ACTIVITY: Print the lines in the listing below starting at the line with "Kasthuri Pulendar |" and ending at the line with "free food truck", both included. Reproduce them exactly and omit every picture.

*** INFORMATION ***

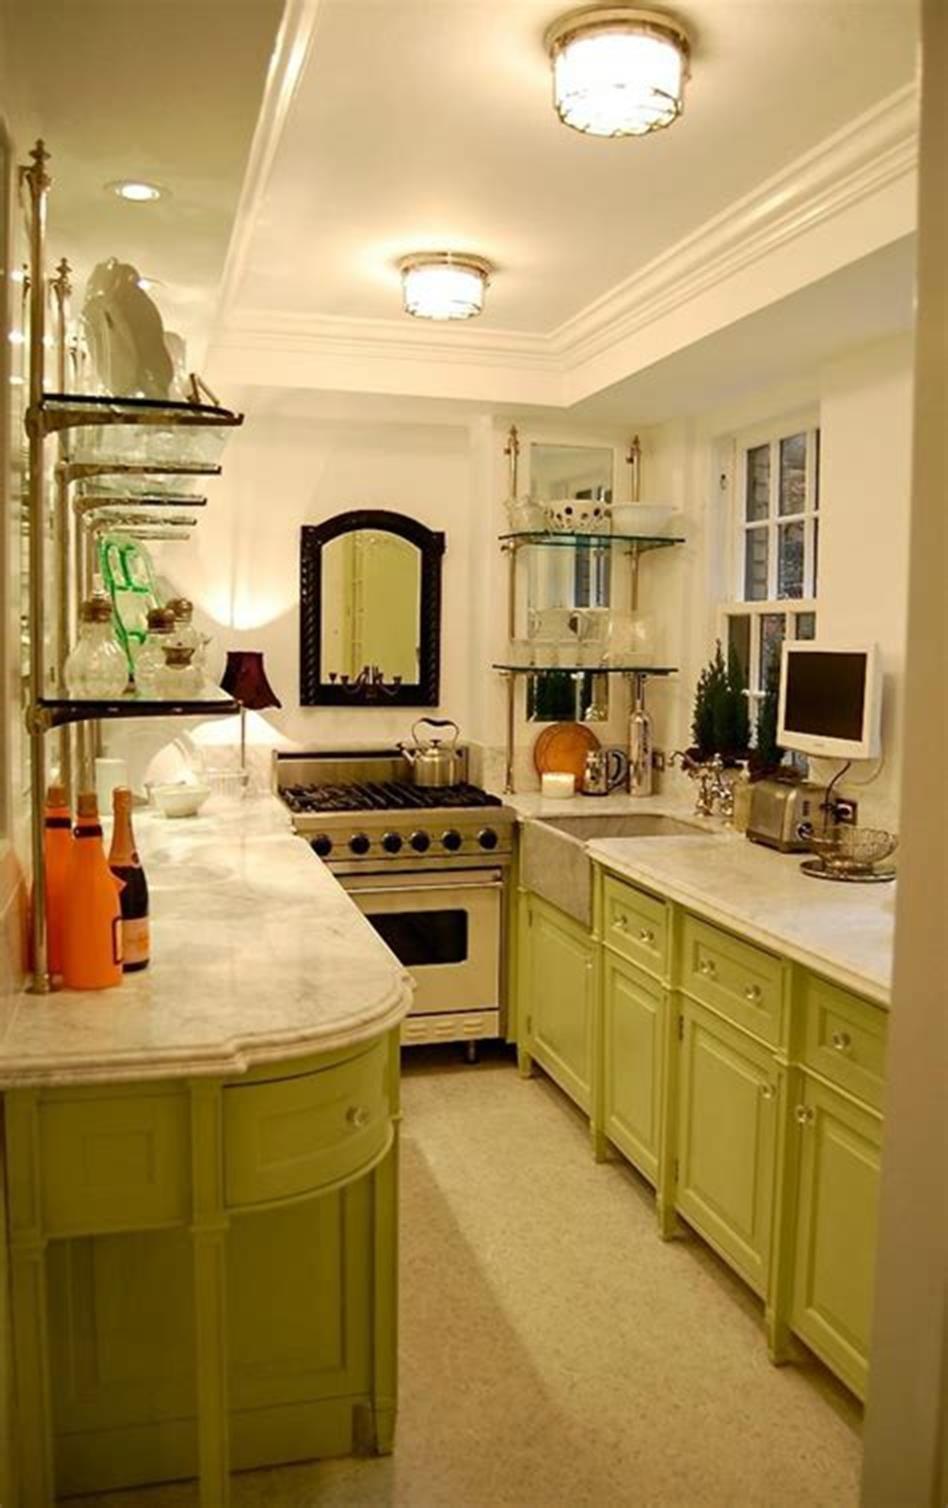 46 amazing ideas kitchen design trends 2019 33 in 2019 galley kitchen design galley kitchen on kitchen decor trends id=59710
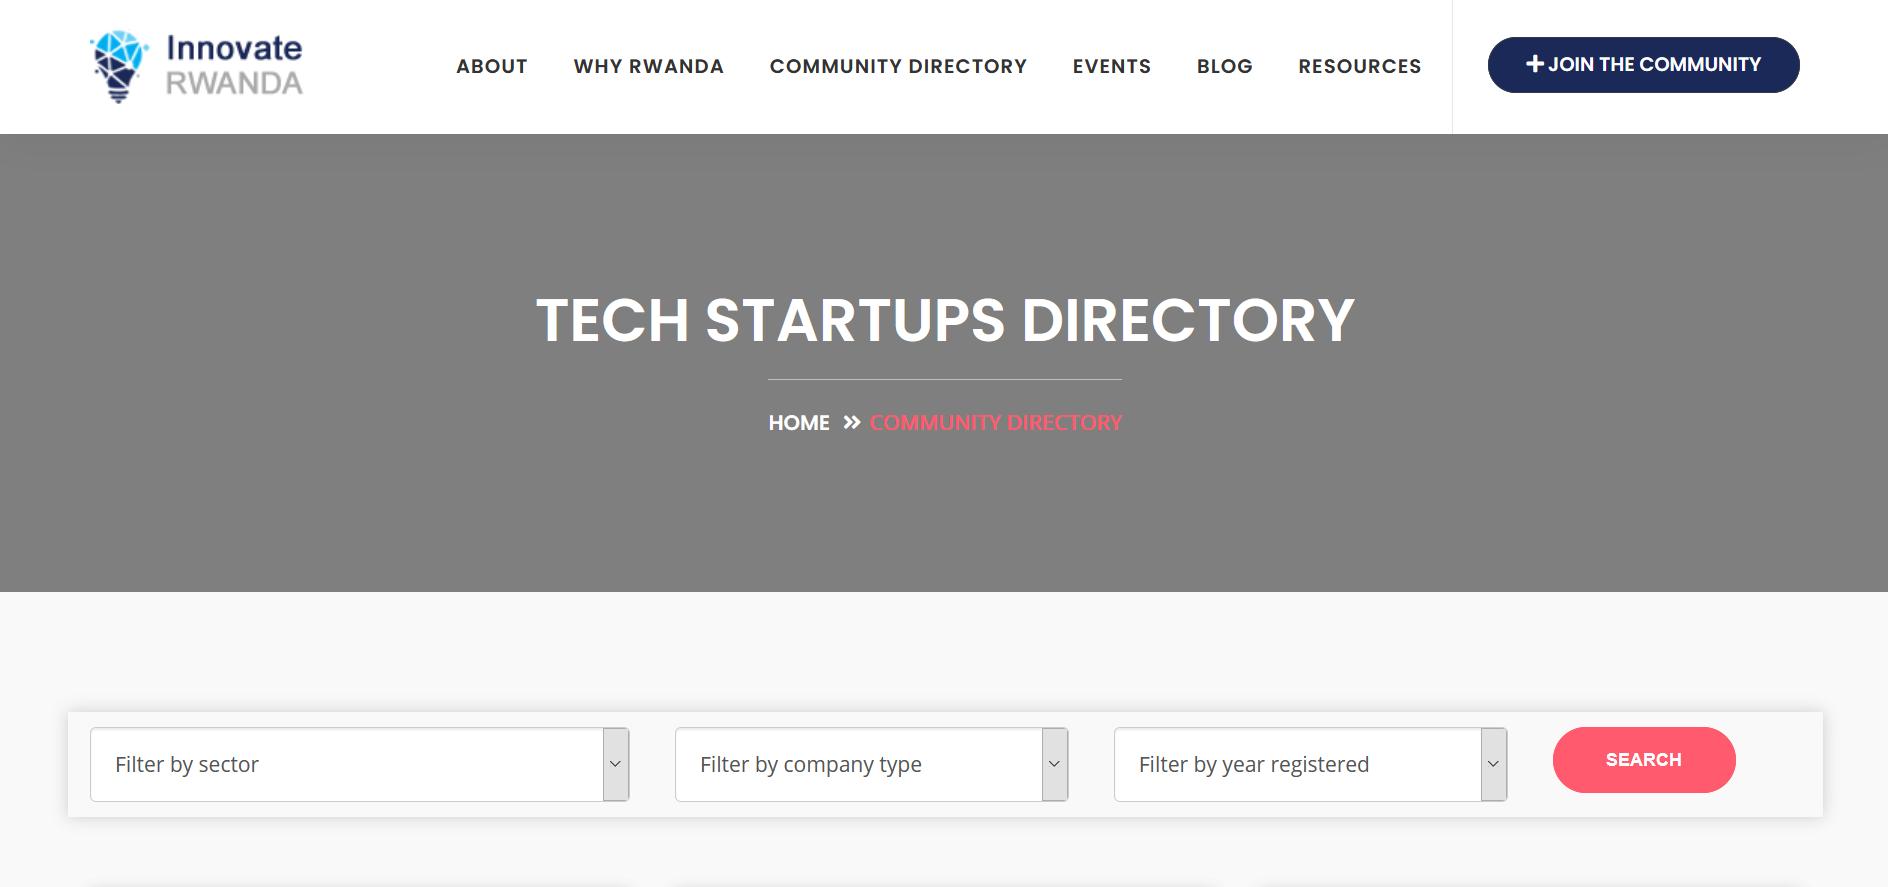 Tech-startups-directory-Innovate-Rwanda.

***
*** INFORMATION ***

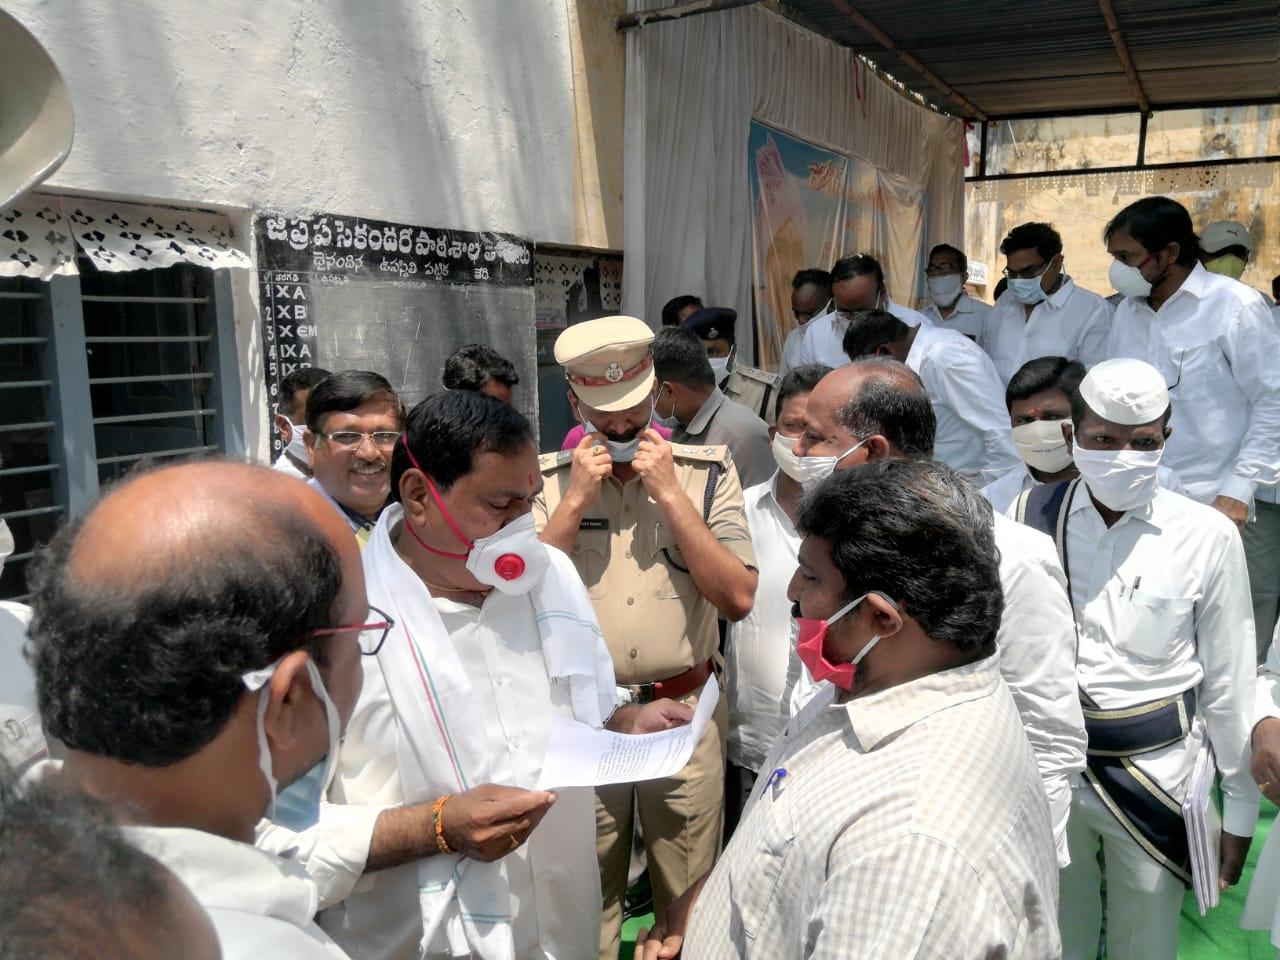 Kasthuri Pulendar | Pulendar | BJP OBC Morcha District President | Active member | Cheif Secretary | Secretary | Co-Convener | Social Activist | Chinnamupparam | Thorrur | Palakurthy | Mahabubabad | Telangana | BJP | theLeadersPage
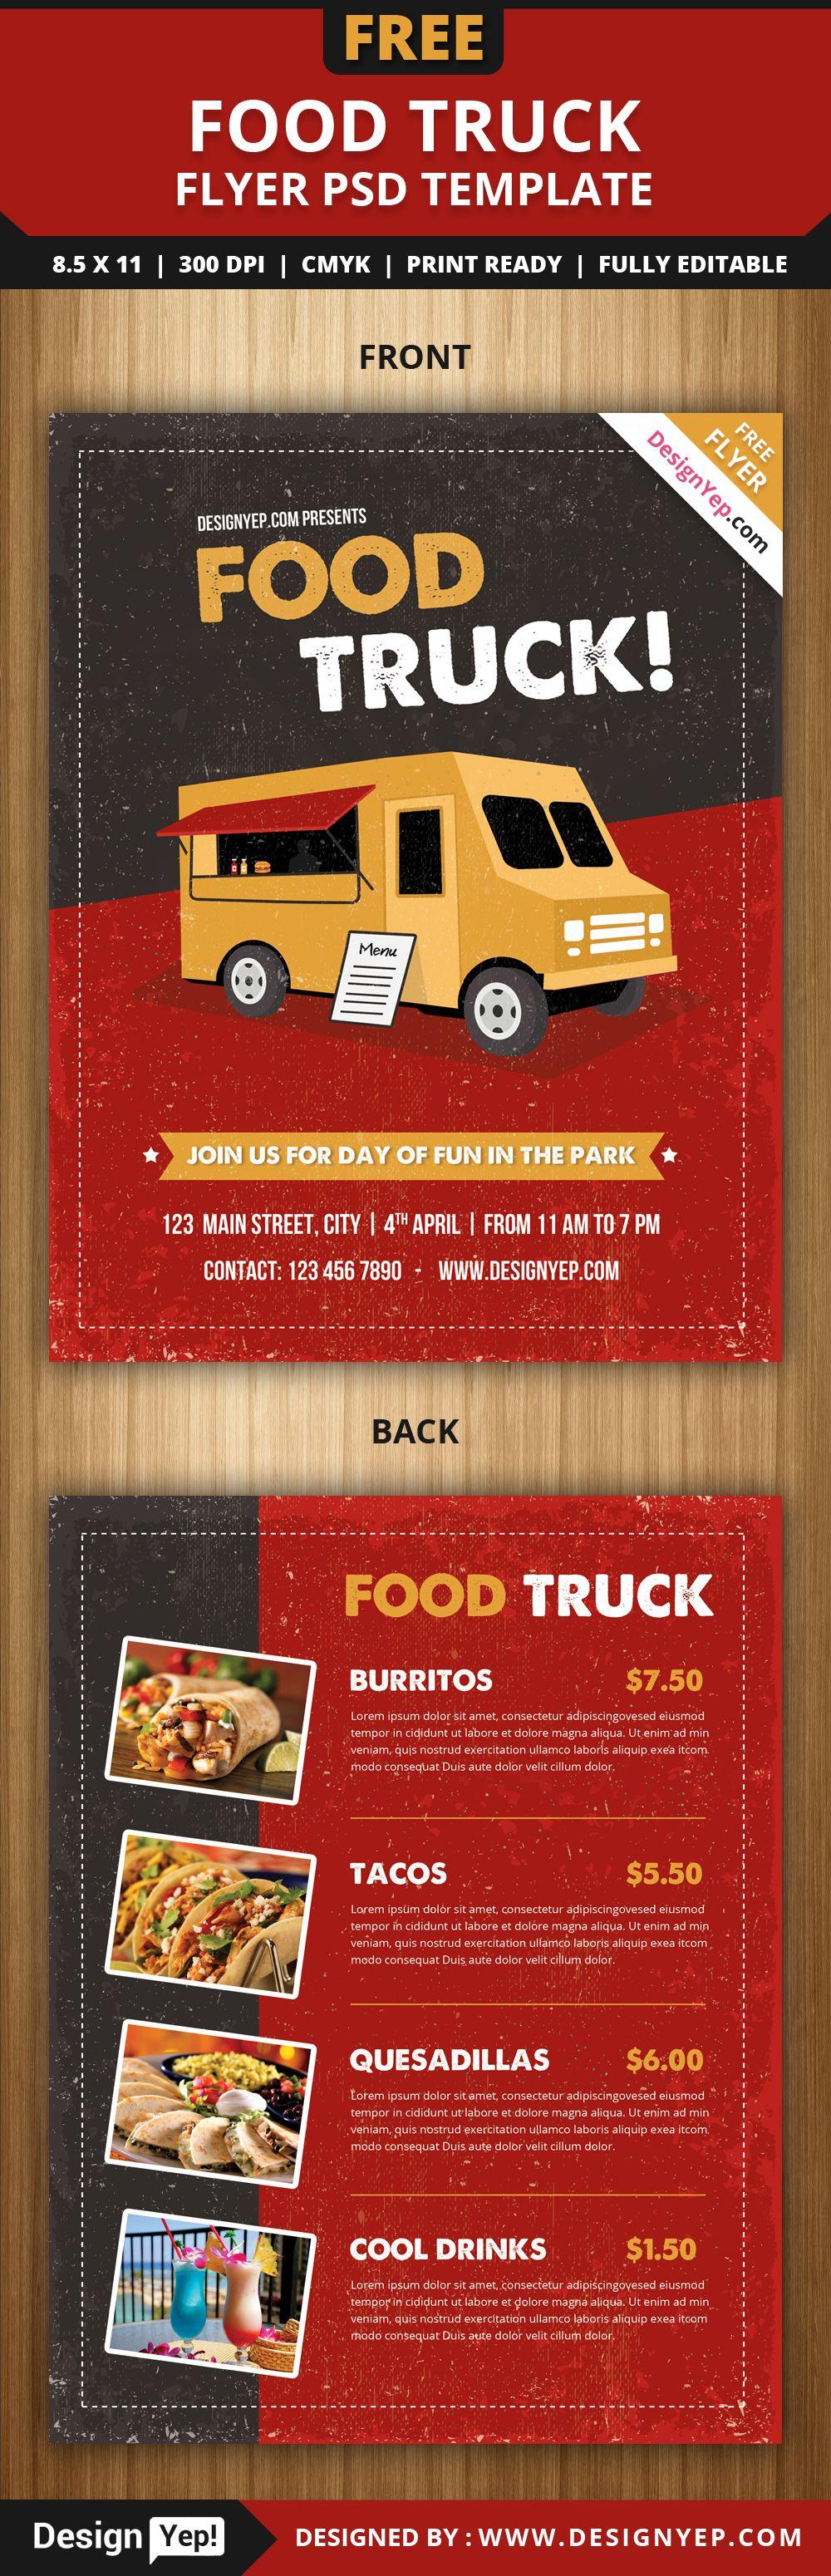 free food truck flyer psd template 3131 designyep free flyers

***
*** INFORMATION ***

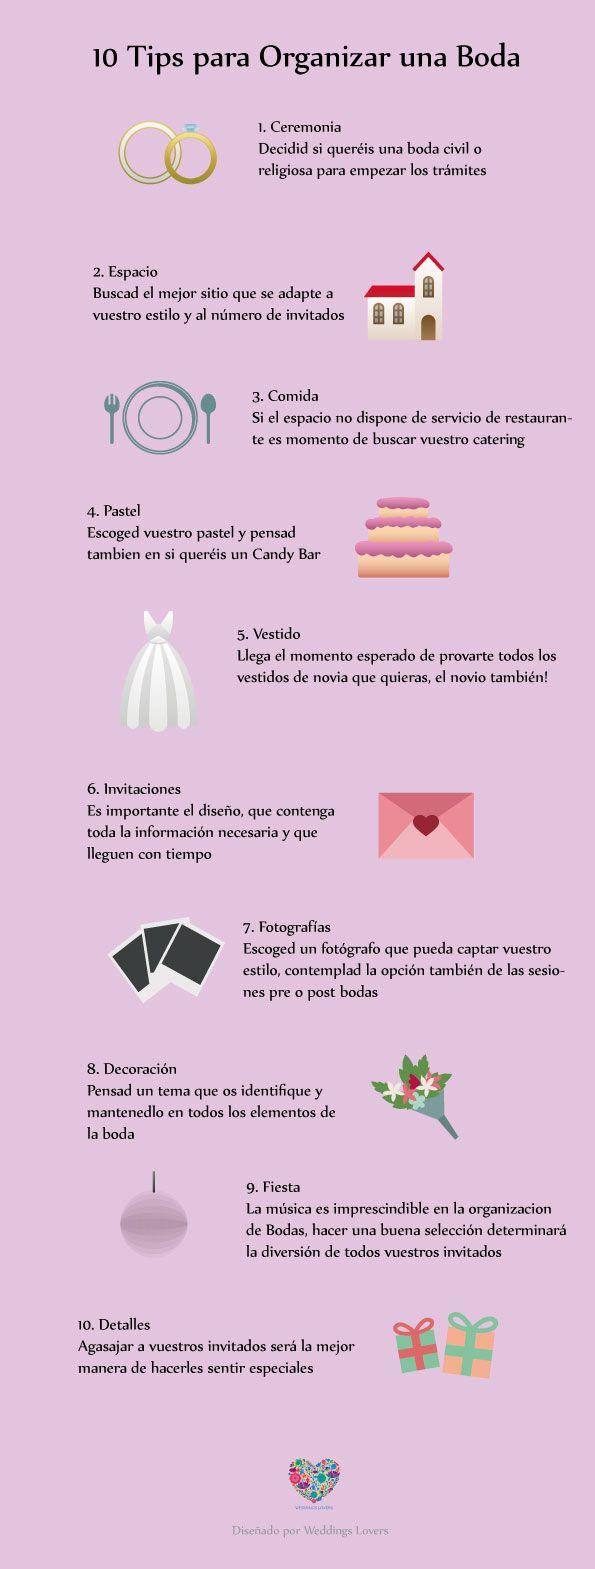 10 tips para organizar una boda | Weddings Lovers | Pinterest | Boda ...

***

RESPONSE AREA:
 Kasthuri Pulendar | Pulendar | BJP OBC Morcha District President | Active member | Cheif Secretary | Secretary | Co-Convener | Social Activist | Chinnamupparam | Thorrur | Palakurthy | Mahabubabad | Telangana | BJP | theLeadersPage
 free food truck flyer psd template 3131 designyep free flyers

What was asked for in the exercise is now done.